Thursday, March 22, 2012

Why I don't like Fancy Nancy

I mentioned yesterday that I don't like Fancy Nancy books, so here's my reason why.

First of all, for those of you who aren't familiar with Fancy Nancy, she is a little girl (maybe about 6?) that loves to dress up and make things "fancy" (hence the name).  I actually really like how the books are written as the author puts in big "fancy" words, and then explains them (e.g., she'll use the word "bouquet" and say that it's a fancy word for a bunch of a flowers).  So they're good for expanding vocabulary (that's how Annika learned the word unique) and the stories are usually good too - usually Fancy Nancy learns a lesson in each one. And the illustrations are quite good as well - lots of vivid detail and color. 

Here's what I don't like - the overall message that Annika has picked up from these books is that looks matter most.  Fancy Nancy talks a lot about what is fancy and what is plain, and she wants everything to be fancy (because fancy is better).  Annika loves dressing up and wearing nice clothes, so she immediately latched onto this concept.  In fact, one day she even told me that she didn't like me, because I was wearing plain clothes.  Not that she didn't like my clothes - she said she didn't like me.  Yikes.  I tried to explain to her that we shouldn't judge people on what they wear, and that that was not a very nice thing to say to someone, and there's much more to people than what they're wearing, etc.  I'm hoping the message got through.  Since then, we've put away the Fancy Nancy books and have stopped borrowing them from the library.  I figure that she'll be bombarded with society's messages to look good, be thin, wear the right clothes, etc, soon enough - we don't need to be dealing with that kind of stuff already.  She still likes to wear her fancy clothes (she wears skirts and dresses almost every day and wearing a pair of jeans is a punishment to her), and she'll often ask me "don't I look fancy?"  I'll usually tell her, "yes, you look very nice", but try not to focus on it for too long.  And I also try to tell her things like she's smart, creative, funny, silly, etc as well, to try to balance things out.  We also talk about things like being a good friend, and why we like people and why people like us.  Hopefully the message is getting through that although it is fun to be fancy and look nice, there's a lot more to people than just what's on the outside.

4 comments:

tammi said...

Man, you just gotta be so careful about what goes into their little minds, eh?? I haven't noticed it so much in the books the girls read, but there are certainly things in many of the kids' TV shows out there that I don't really like my girls thinking is normal or acceptable. Particularly troubling, I find in most current children's and young kids' shows, is the rampant disrespect for adults and authority in general. Grown-ups are almost always portrayed as complete idiots (especially the males), and the kids are shown to be of vastly superior intellect and have virtually complete control.

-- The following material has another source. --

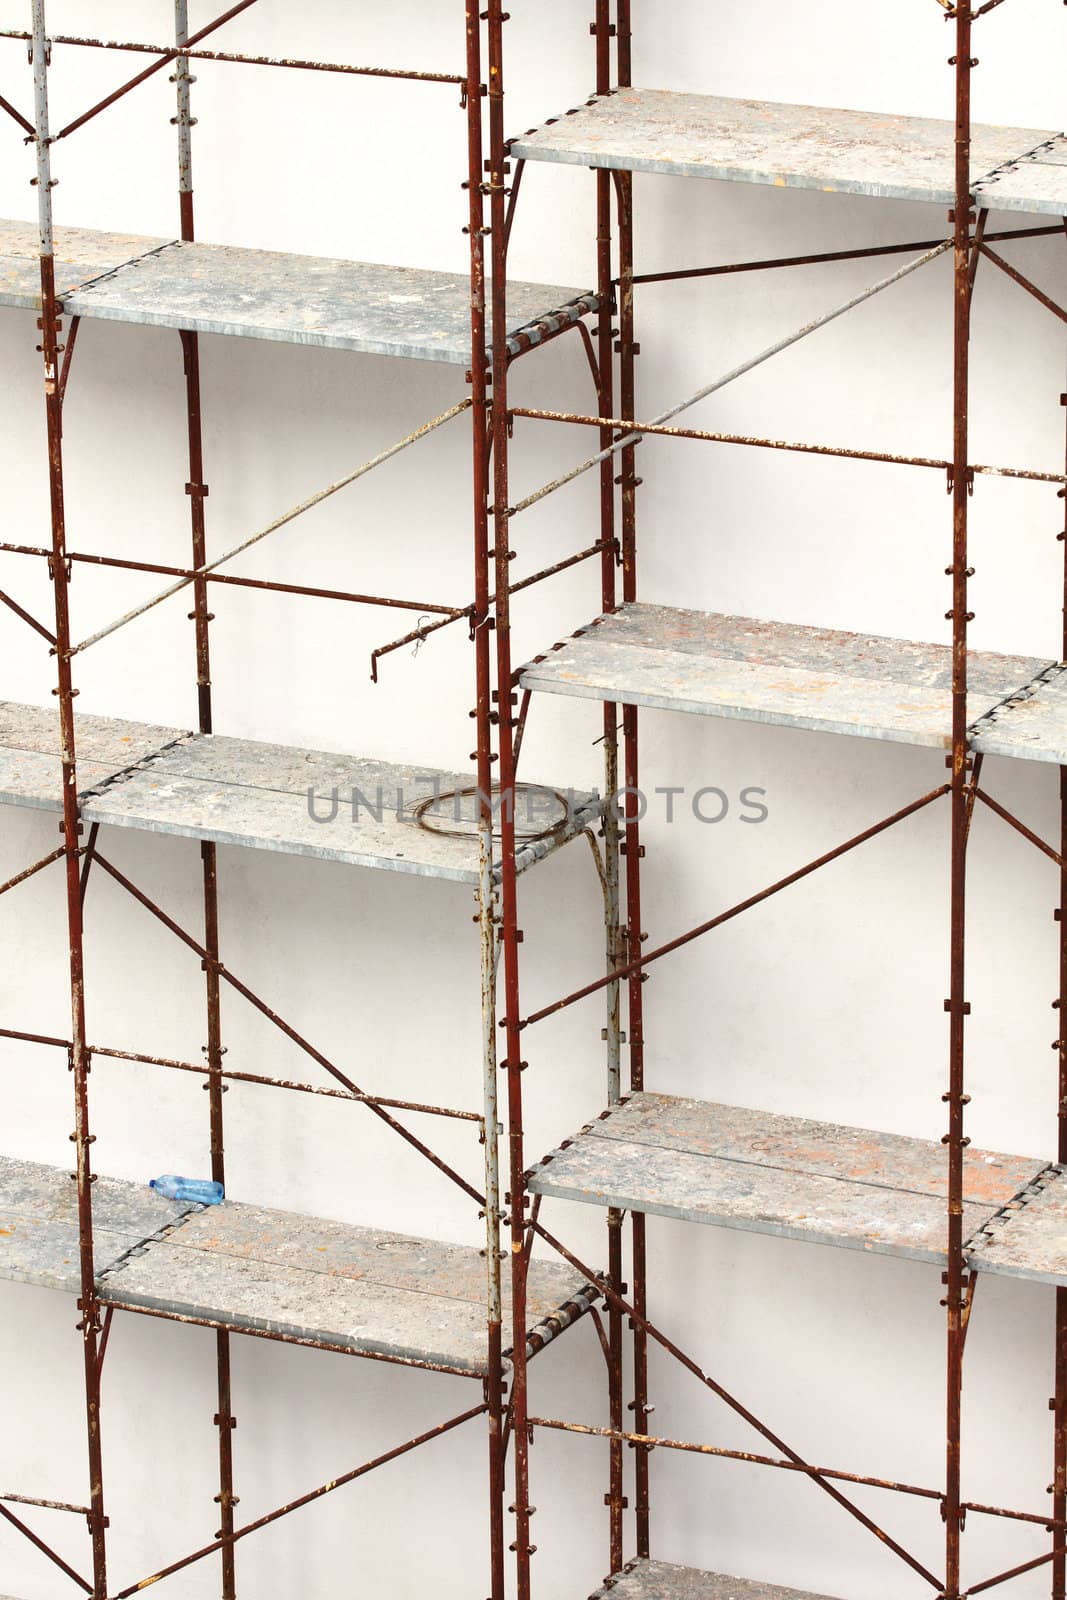 Rusty tubular scaffolding at a construction site

The other thing that bugs me is diet commercials on kids' TV channels. I really don't think that should be allowed!! About a year ago, I decided to make a conscientious effort to not talk about my weight or anything related, and yet they constantly see the commercials and comment to each other on the amazing changes shown in the before and after photos. Not that long ago, Abby spent a whole evening exercising because she was concerned that she would get fat.

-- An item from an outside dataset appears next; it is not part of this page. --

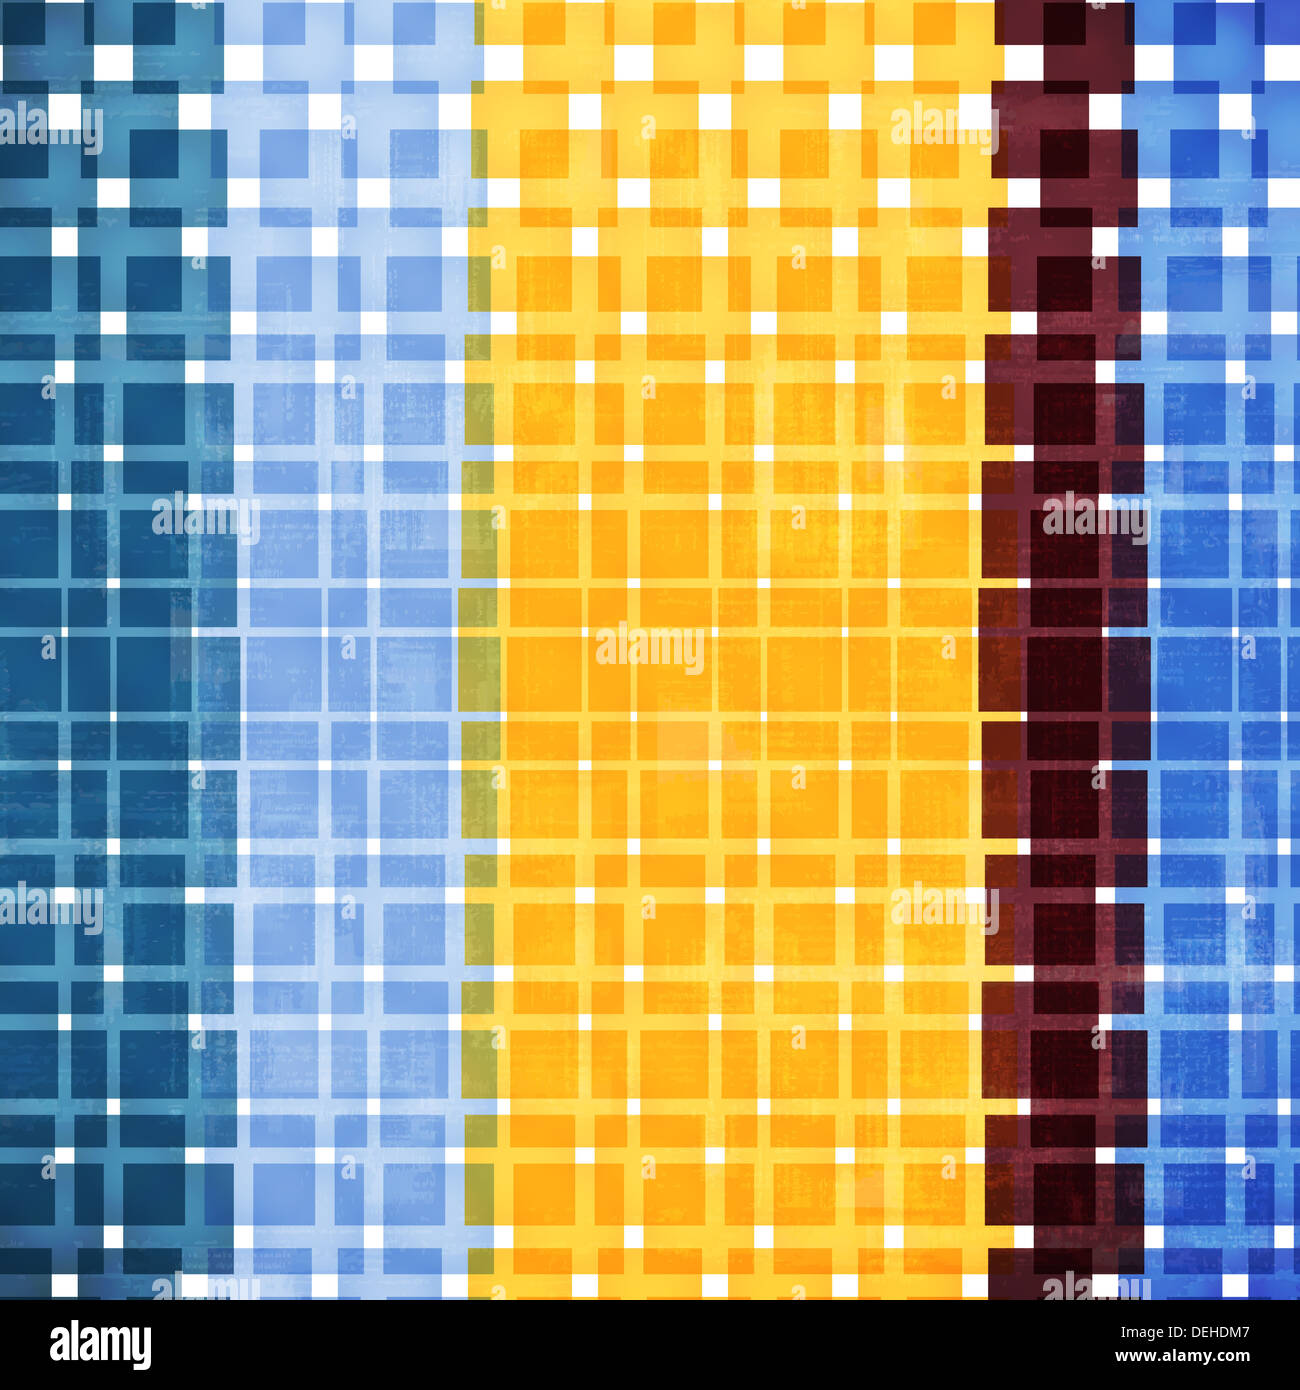 new abstract wallpaper with colored squares can use like grunge background Stock Photo

Between those and a few other concerns, it's gotten bad enough that even my TV-loving husband has conceded it would probably be better if they just couldn't watch anything ~ and they're generally only allowed an hour a day as is!

Nancy said...

I like your thoughts here, Pam. It is really difficult to teach our kids what real beauty is when they are bombarded with media telling them that outside appearance is the most important thing. So far Lillian has been able to keep that balance that outside appearance does not dictate who a person is. She seems to be making the connection that it is fun to be fancy but it's more important to be a kind, thoughtful, and respectful person. Good for you for realizing that Annika needed you to protect her from those lies about outward beauty. Filling our kids with God's truth about how special and wonderful he created them will only make Annika's life more wonderful!

Andrea said...

Good for you for shelving those books! I definitely think there is far too much emphasis put on looks, even at such young ages. The earliest I remember struggling with my looks/weight, etc was in grade 9 - but just this winter Joelle complained one day about having to wear ski pants to school because she said they made her look "fat"!! We are NOT allowed to use that word in our house, so it shocked me to hear her say that.

And saddened me to think that my 8 year old is already concerned about that.

I know you weren't talking about weight here, but it fits into the 'looks' category anyway.

You're doing the right thing by feeding her with other positive things about her than just focusing on her looks. Yes, she is a beautiful girl and yes, she looks lovely in her nice dresses on Sunday mornings - but putting more emphasis on WHO she is is far better for her.

Andrea said...

ps: We were just offered some Fancy Nancy books from a friend this week, and I remembered you saying you weren't a fan of them (just couldn't remember the reason)so I passed them up.